В прошлом же гаду вышел вторым изданием второй том повестей графа Соллогуба, под общим названием: «На сон грядущий». Это нас особенно порадовало, как неопровержимое доказательство готовности и охоты нашей публики покупать, читать и перечитывать все, что выходит из-за черты посредственности.{13}

К числу замечательных произведений прошлого года должно причислить и «Петербургские вершины» г. Буткова. Эта книга не обнаруживает в авторе поэта; из нее видно, что его талант – писать сатирические очерки, а не юмористические повести. Но хорошо и это. В наше время сатирический талант. не останется незамеченным.{14}

В Москве есть писатель, некто г. Ваненко, о котором почти никто не знает, которого имя почти неизвестно в нашей литературе, но который тем не менее одарен талантом, не чуждым даже и юмора. Жаль только, что г. Ваненко исключительно привязался к простонародным россказням и считает очень выгодным писать для простого народа, который не читает его, потому что еще не довольно грамотен для занятия литературою.
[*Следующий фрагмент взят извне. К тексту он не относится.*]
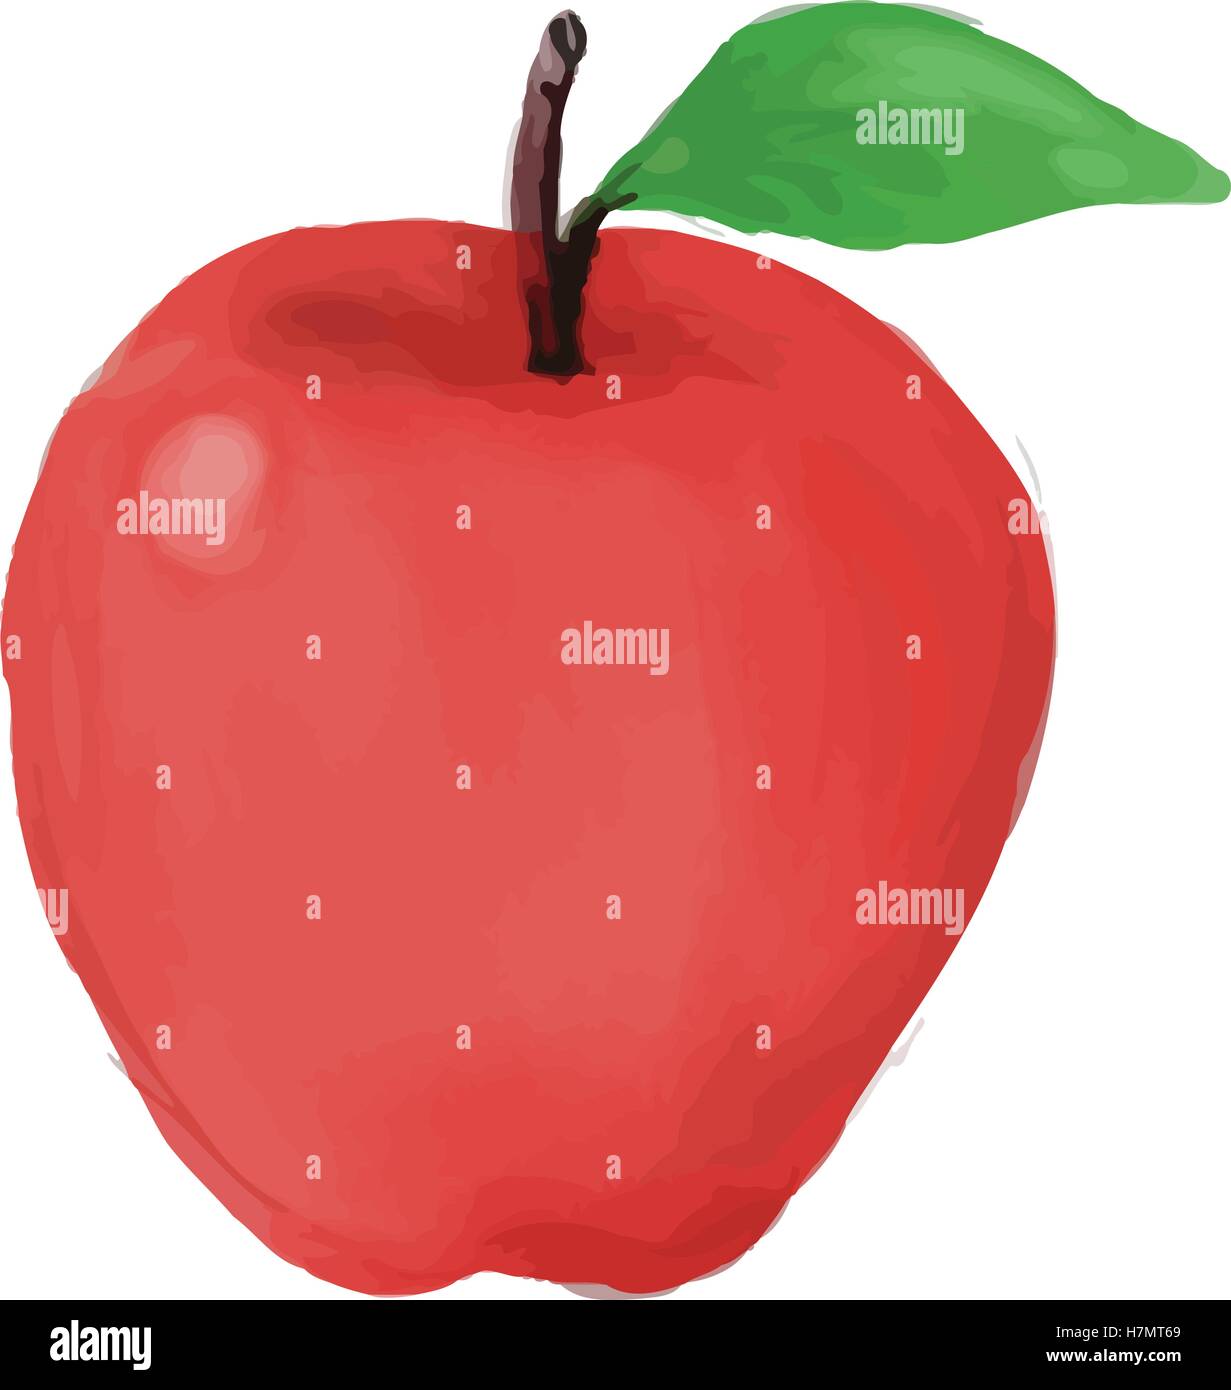 Aquarell-Stil Abbildung eines roten Apfels mit Blatt von vorne am isolierten weißen Hintergrund betrachtet. Stock Vektor

Мы думаем, что для г. Ваненко было бы гораздо выгоднее взяться за изображение сферы жизни ступенью выше. Пусть тут будут и мужики, но только пусть они действуют на в сказочном, а в действительном мире. Мы убеждены, что у г. Ваненко стало бы таланта и на это и что только тогда нашел бы он поприще, достойное таланта. В прошлом году г. Ваненко напечатал вторым изданием «Пару новых русских россказней»: 1. «О солдате Яшке красной рубашке, синие ластовицы»; 2. «О молодом Илье женатом, да лысом Мартына тароватом». Читая эту книжку, видишь в ней талант и жалеешь, что он потрачен ни на что!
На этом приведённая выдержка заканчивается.